Patients with an exon 19 deletion appeared to have longer OS in our analysis than those with exon 21 L858R EGFR mutation-positive NSCLC. This is similar to the results of a meta-analysis of seven trials (n = 1649), which concluded that patients with an exon 19 deletion had better efficacy outcomes than patients with exon 21 L858R EGFR mutation-positive NSCLC, regardless of which EGFR TKI they received . These data suggest that patients with exon 19 deletion and exon 21 L858R EGFR mutation are clinically distinct populations that should be evaluated further.
In the present study, there was no apparent difference in OS according to subsequent treatments. Median OS was similar for patients who received EGFR TKIs as post-PD therapy (n = 36), which were mainly continuous erlotinib administration following RECIST PD (n = 21) (Table 3), and for those who did not.

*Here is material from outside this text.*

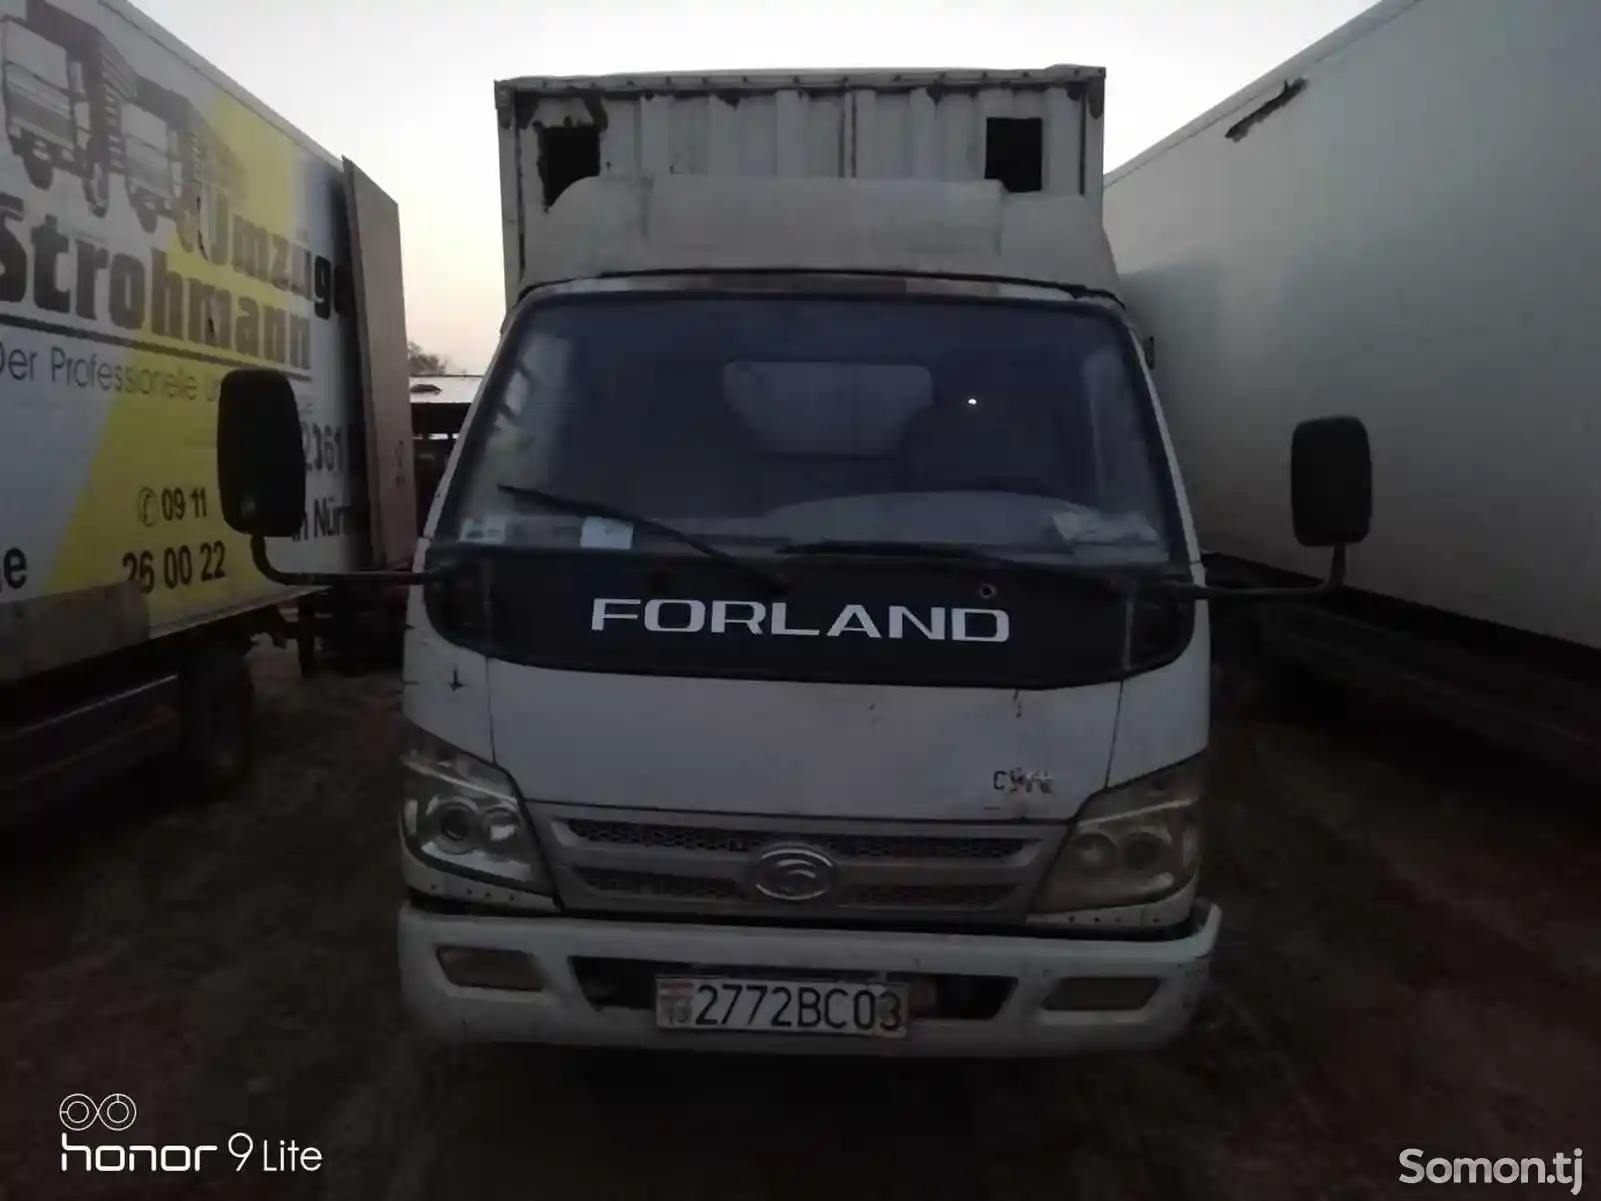 Фургон Forland, 2013-2

In contrast to our findings, in a retrospective study of patients with activating EGFR mutations (n = 123) who were treated with EGFR TKIs, OS showed a trend in favor of continuing versus discontinuing EGFR TKI treatment following RECIST PD (33.0 versus 21.2 months, respectively; p = 0.054) . Furthermore, a retrospective clinical modeling study that evaluated the usefulness of EGFR TKI failure pattern for selecting subsequent management, suggested that the efficacy of EGFR TKI continuation differed between patients with gradual progression, local progression, and dramatic progression . Thus, one hypothesis for the inconsistency between studies is the difference in the EGFR TKI failure pattern. Meanwhile, in the present study, various EGFR TKIs were used as post-PD therapy (i.e., erlotinib beyond progression, erlotinib re-challenge after another treatment, and other therapies), which should be noted as one of the limitations. As effective post-PD therapy options are important for patients with disease recurrence, any benefit of EGFR TKI re-administration or continuation after PD requires further study.

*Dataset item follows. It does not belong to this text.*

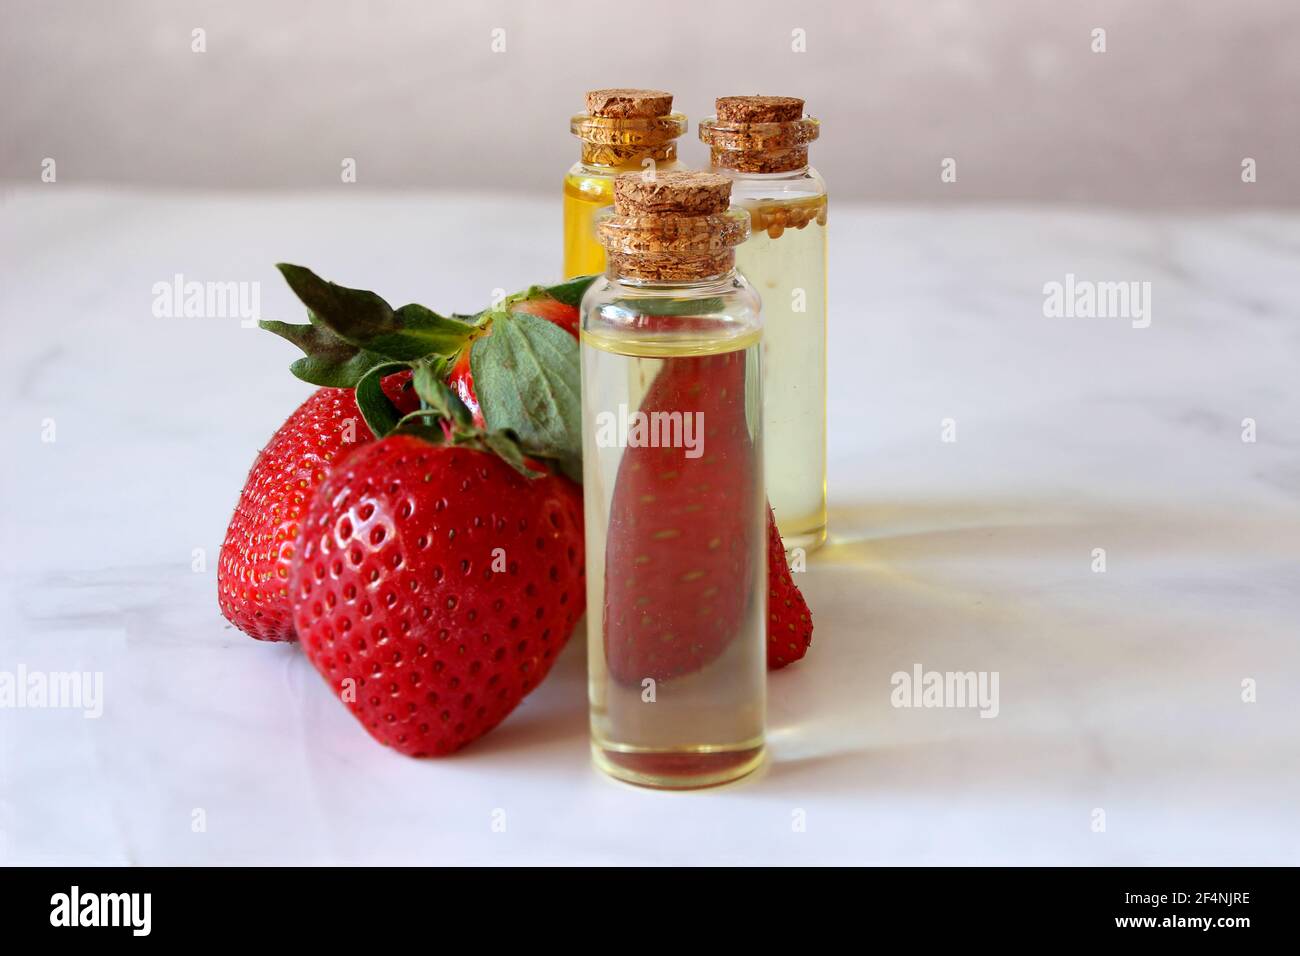 potenciador de aroma y sabor junto a fresas maduras, sobre fondo claro. Foto de stock
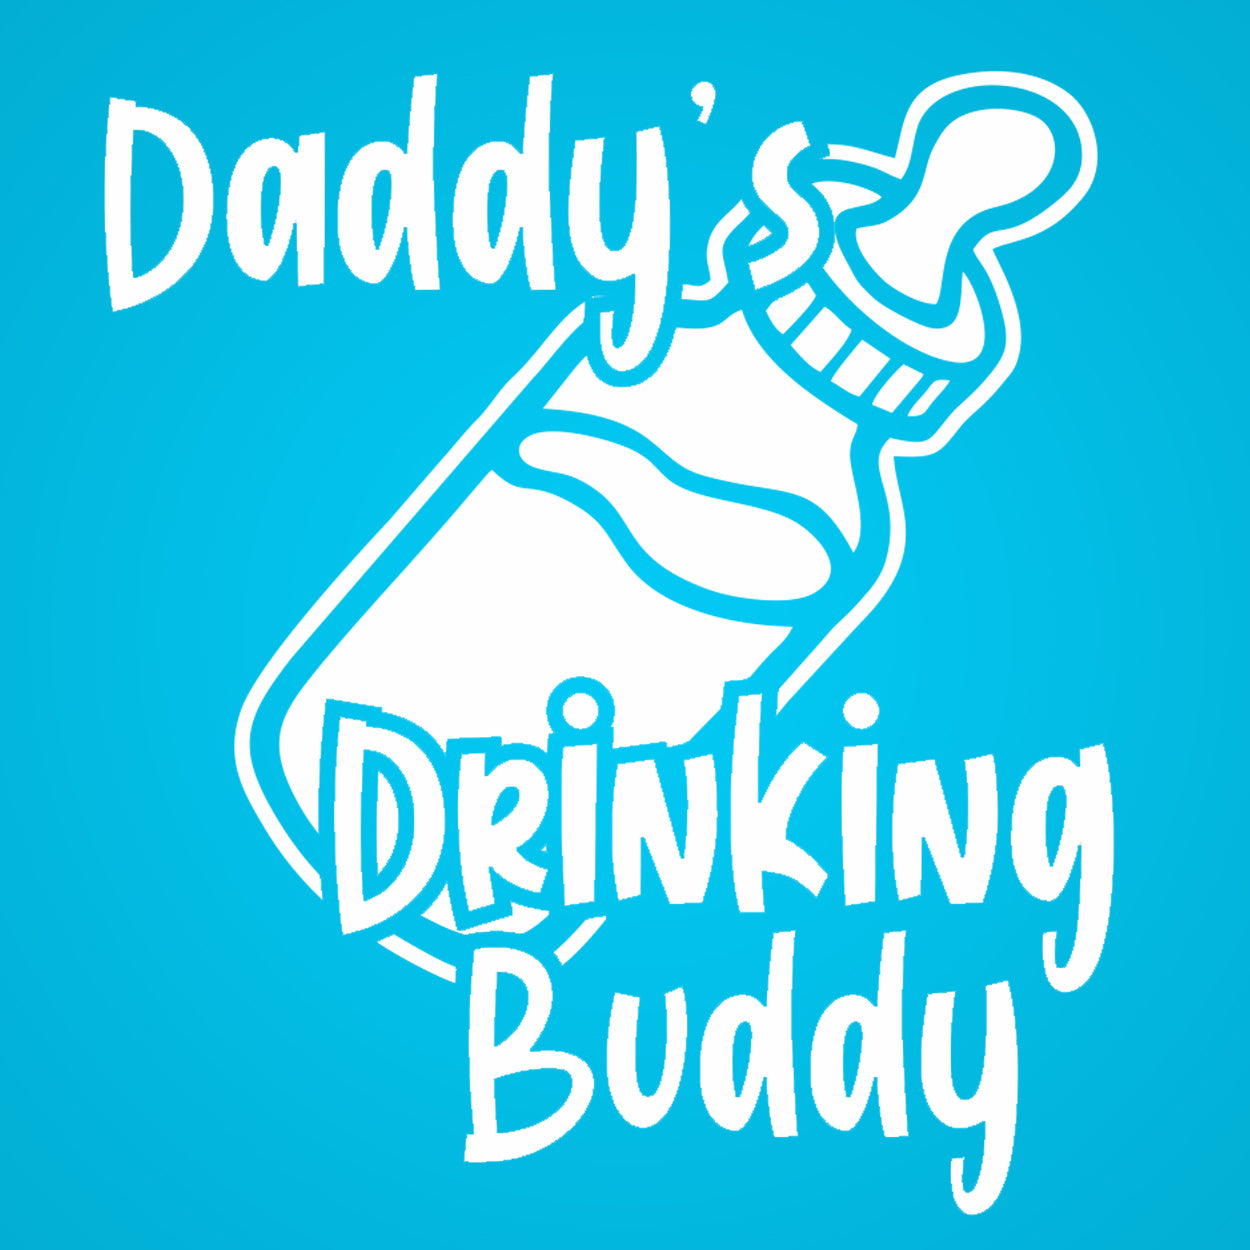 Daddys Drinking Buddy Tshirt - Donkey Tees

At this updated analysis, no new safety signals for erlotinib were observed; single-agent erlotinib was well tolerated and had an acceptable and manageable safety profile in EGFR mutation-positive NSCLC. The safety profile of erlotinib was also in line with previous studies of first-line erlotinib , with the most common AEs being rash and diarrhea.

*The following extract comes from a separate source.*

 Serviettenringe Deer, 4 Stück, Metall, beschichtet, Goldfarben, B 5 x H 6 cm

In conclusion, single-agent erlotinib resulted in a median OS of 36.3 months in the first-line treatment of EGFR mutation-positive NSCLC. Subgroup analyses of OS suggested that the presence of brain metastases was a negative prognostic factor, as these patients had shorter median OS compared with other subgroups. No further differences in OS between specific EGFR subgroups were observed. Although many patients went on to receive additional EGFR TKI therapy following progression, there was no significant difference in median OS for patients who received EGFR TKI as post-PD therapy compared with those who did not. The findings of this single-arm study should be validated in randomized controlled trials.